CNN in R — Image Classification with Keras3 (Fashion-MNIST)
Convolutional Neural Networks (CNNs)
CNNs are designed for grid-structured data (images). A convolutional layer applies \(K\) learnable filters to local neighborhoods. Conceptually, for an input image \(X\) and filter \(W\):
- The output feature map is built by sliding \(W\) over \(X\) and computing local dot products.
CNNs exploit:
- Locality: nearby pixels are strongly related,
- Weight sharing: the same filter is applied across the image,
- Hierarchical features: deeper layers compose simple patterns into complex ones.
In this lesson we:
- load Fashion-MNIST,
- build a modern CNN with batch normalization and dropout,
- validate with early stopping, and
- evaluate test accuracy.
Step 1: Load Fashion-MNIST
# If dataset_fashion_mnist() is not available in your install, use dataset_mnist() instead.
data <- dataset_fashion_mnist()
x_train <- data$train$x
y_train <- data$train$y
x_test <- data$test$x
y_test <- data$test$y
dim(x_train); length(y_train)## [1] 60000 28 28## [1] 60000## [1] 10000 28 28## [1] 10000Step 2: Preprocess (scale and reshape)
CNN expects a 4D tensor: \((n, H, W, C)\).
# Convert to float and scale to [0,1]
x_train <- array_reshape(x_train, dim = c(nrow(x_train), 28, 28, 1)) / 255
x_test <- array_reshape(x_test, dim = c(nrow(x_test), 28, 28, 1)) / 255
num_classes <- 10
y_train_oh <- to_categorical(y_train, num_classes)
y_test_oh <- to_categorical(y_test, num_classes)
dim(x_train); dim(y_train_oh)## [1] 60000 28 28 1## [1] 60000 10Step 3: Train/validation split
set.seed(123)
n <- dim(x_train)[1]
idx <- sample.int(n)
n_tr <- floor(0.9 * n)
tr_idx <- idx[1:n_tr]
va_idx <- idx[(n_tr + 1):n]
X_tr <- x_train[tr_idx, , , , drop = FALSE]
Y_tr <- y_train_oh[tr_idx, , drop = FALSE]
X_va <- x_train[va_idx, , , , drop = FALSE]

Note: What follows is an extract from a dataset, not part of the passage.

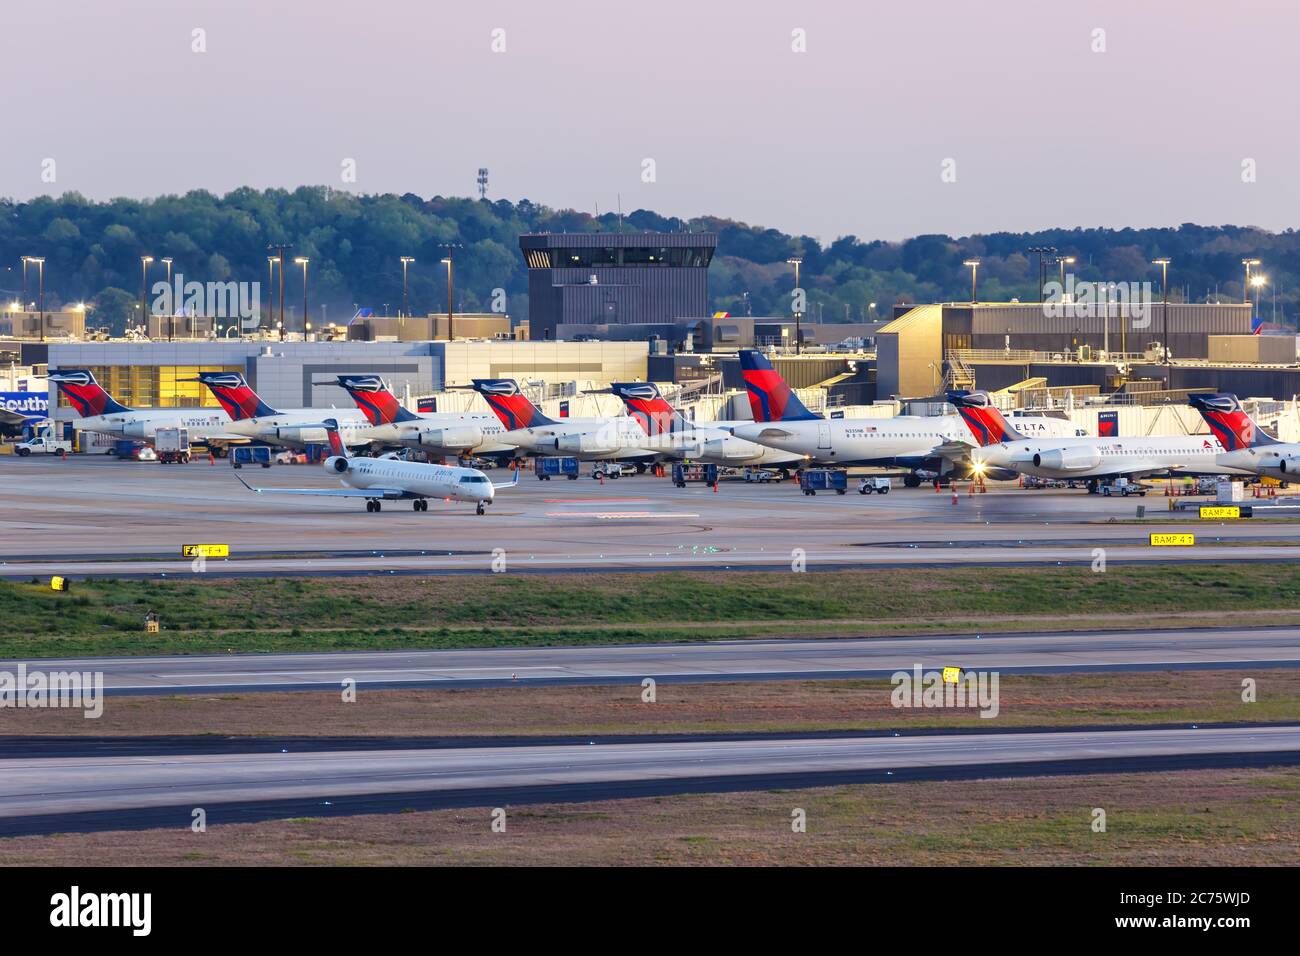 Atlanta, Georgia - April 2, 2019: Delta Air Lines airplanes at Atlanta Airport (ATL) in Georgia. Stock Photo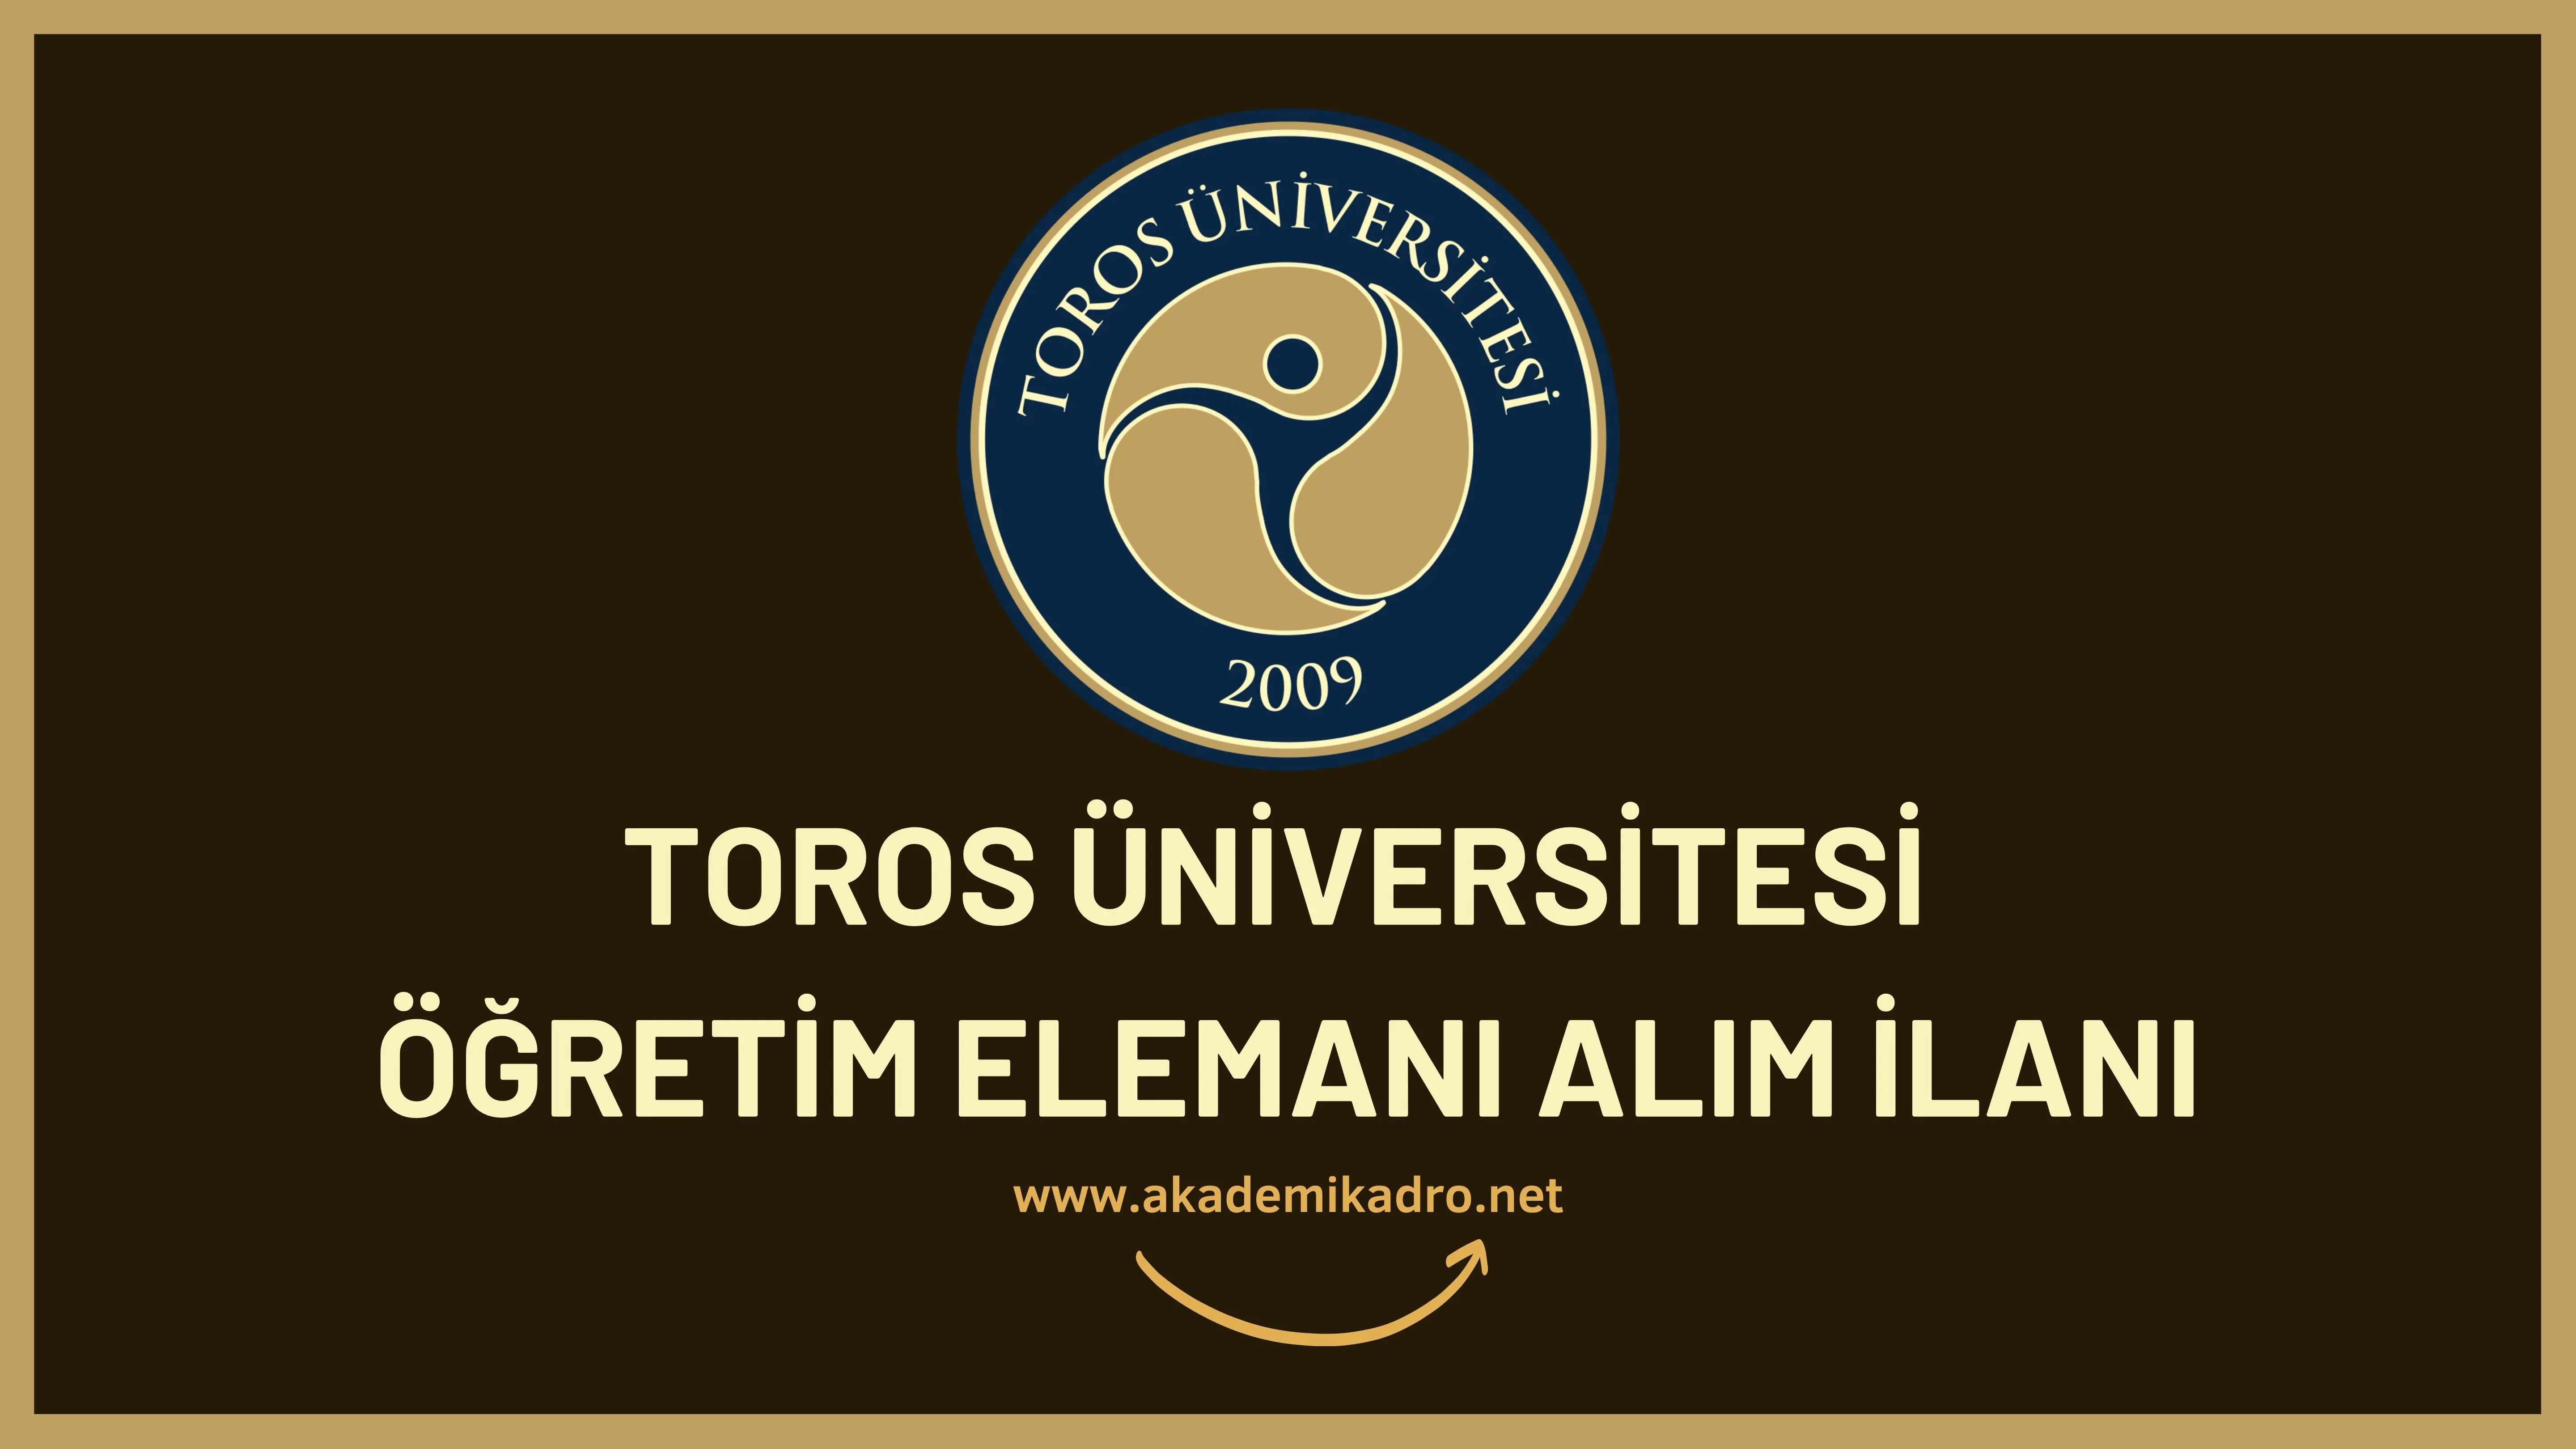 Toros Üniversitesi 13 öğretim üyesi ve 2 Araştırma görevlisi alacaktır.

Y_va <- y_train_oh[va_idx, , drop = FALSE]Step 4: CNN architecture (regularized)
We use:
- Conv → BN → ReLU blocks
- MaxPool to reduce spatial resolution
- Dropout to regularize
- Dense classifier head with softmax output
input <- layer_input(shape = c(28, 28, 1), name = "image")
x <- input |>
layer_conv_2d(filters = 32, kernel_size = c(3,3), padding = "same") |>
layer_batch_normalization() |>
layer_activation("relu") |>
layer_conv_2d(filters = 32, kernel_size = c(3,3), padding = "same") |>
layer_batch_normalization() |>
layer_activation("relu") |>
layer_max_pooling_2d(pool_size = c(2,2)) |>
layer_dropout(rate = 0.25) |>
layer_conv_2d(filters = 64, kernel_size = c(3,3), padding = "same") |>
layer_batch_normalization() |>
layer_activation("relu") |>
layer_conv_2d(filters = 64, kernel_size = c(3,3), padding = "same") |>
layer_batch_normalization() |>
layer_activation("relu") |>
layer_max_pooling_2d(pool_size = c(2,2)) |>
layer_dropout(rate = 0.30) |>
layer_flatten() |>
layer_dense(units = 128, activation = "relu") |>
layer_dropout(rate = 0.40)
output <- x |>
layer_dense(units = num_classes, activation = "softmax", name = "class_prob")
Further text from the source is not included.